Он был белый человек.
Сейчас художник делал из золотой стружки тонкие волосики на затылке над лебединой шейкой Моны.
Кросби пошел фотографировать его; вернулся, чтобы сообщить нам, что такого писсанта он еще в жизни не встречал. Лицо у Кросби стало цвета томатного сока:
«Ему ни черта сказать невозможно, сразу все выворачивает наизнанку».
Тогда я подошел к художнику, постоял, посмотрел на его работу и сказал:
– Я вам завидую.
– Так я и знал, – вздохнул он, – знал, что, стоит мне только выждать, непременно явится кто‑то и позавидует мне. Я себе все твердил – надо набраться терпения, и раньше или позже явится завистник.
– Вы – американец?
– Имею счастье. – Он продолжал работать, а взглянуть на меня, посмотреть, что я за птица, ему было неинтересно:
– А вы тоже хотите меня сфотографировать?
– Вы не возражаете?
– Я думаю – значит, существую, значит, могу быть сфотографирован.
– К несчастью, у меня нет с собой аппарата.

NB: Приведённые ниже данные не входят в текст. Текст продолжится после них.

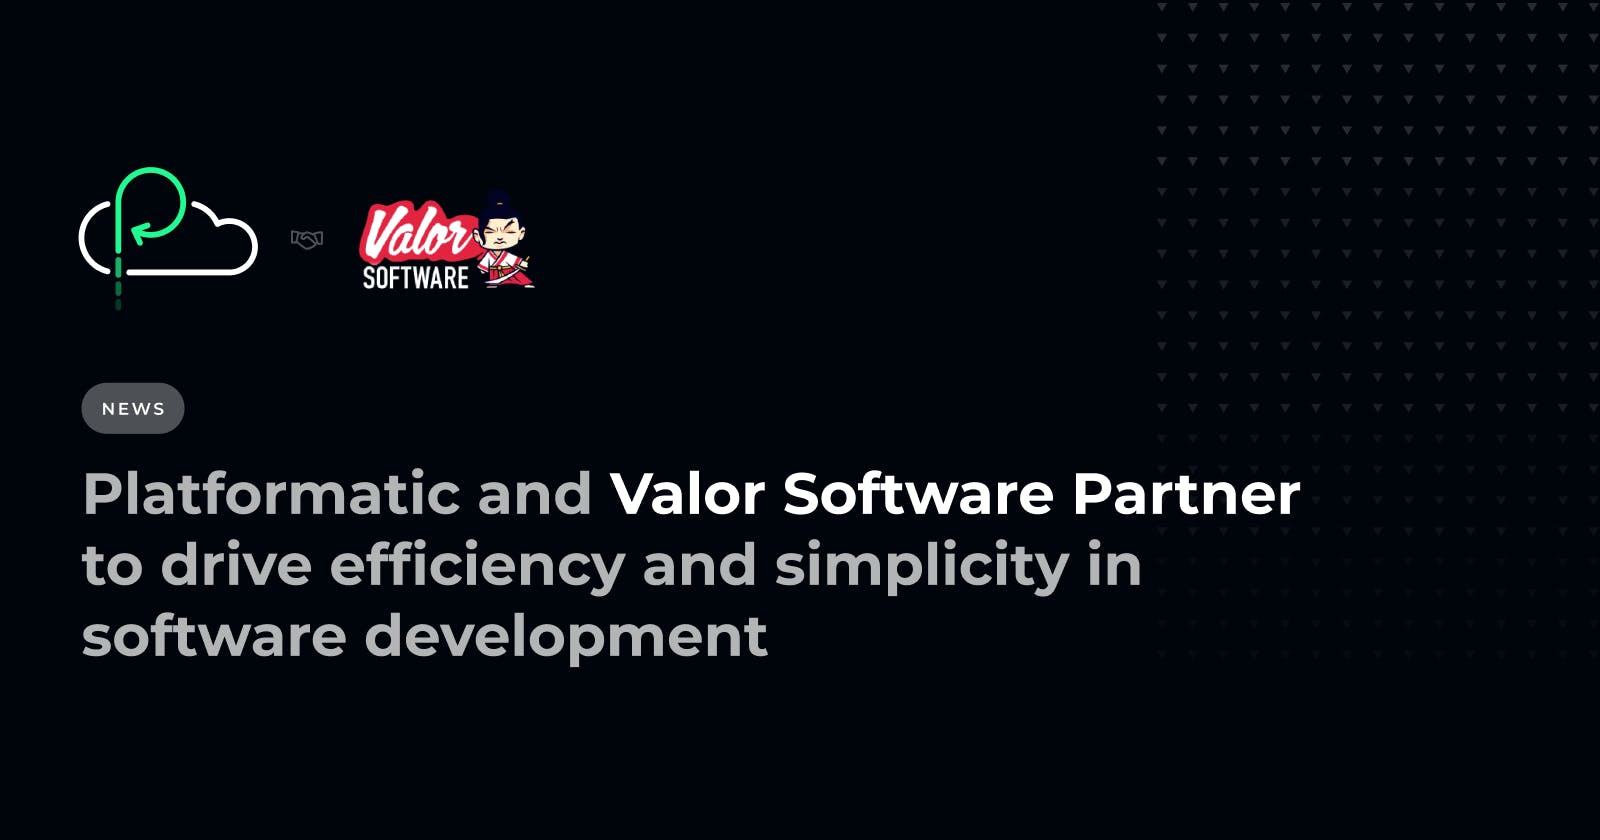 Platformatic and Valor Software Partner to Drive Efficiency and Simplicity in Software Development

– Так пойдите за ним, черт подери. Разве вы из тех людей, которые доверяют своей памяти?
– Ну, это лицо на вашей мозаике я так скоро не забуду.
– Забудете, когда помрете, и я тоже забуду. Когда умру, я все забуду, чего и вам желаю.
– Она вам позировала, или вы работаете по фотографии, или еще как?
– Я работаю еще как.
– Что?
– Я работаю еще как. – Он постучал себя по виску. – Все тут, в моей достойной зависти башке.
– Вы ее знаете?
– Имею счастье.
– Фрэнк Хониккер счастливец.
– Френк Хониккер кусок дерьма.
– А вы человек откровенный.
– И к тому же богатый.
– Рад за вас.
– Хотите знать мнение опытного человека? Деньги не всегда дают людям счастье.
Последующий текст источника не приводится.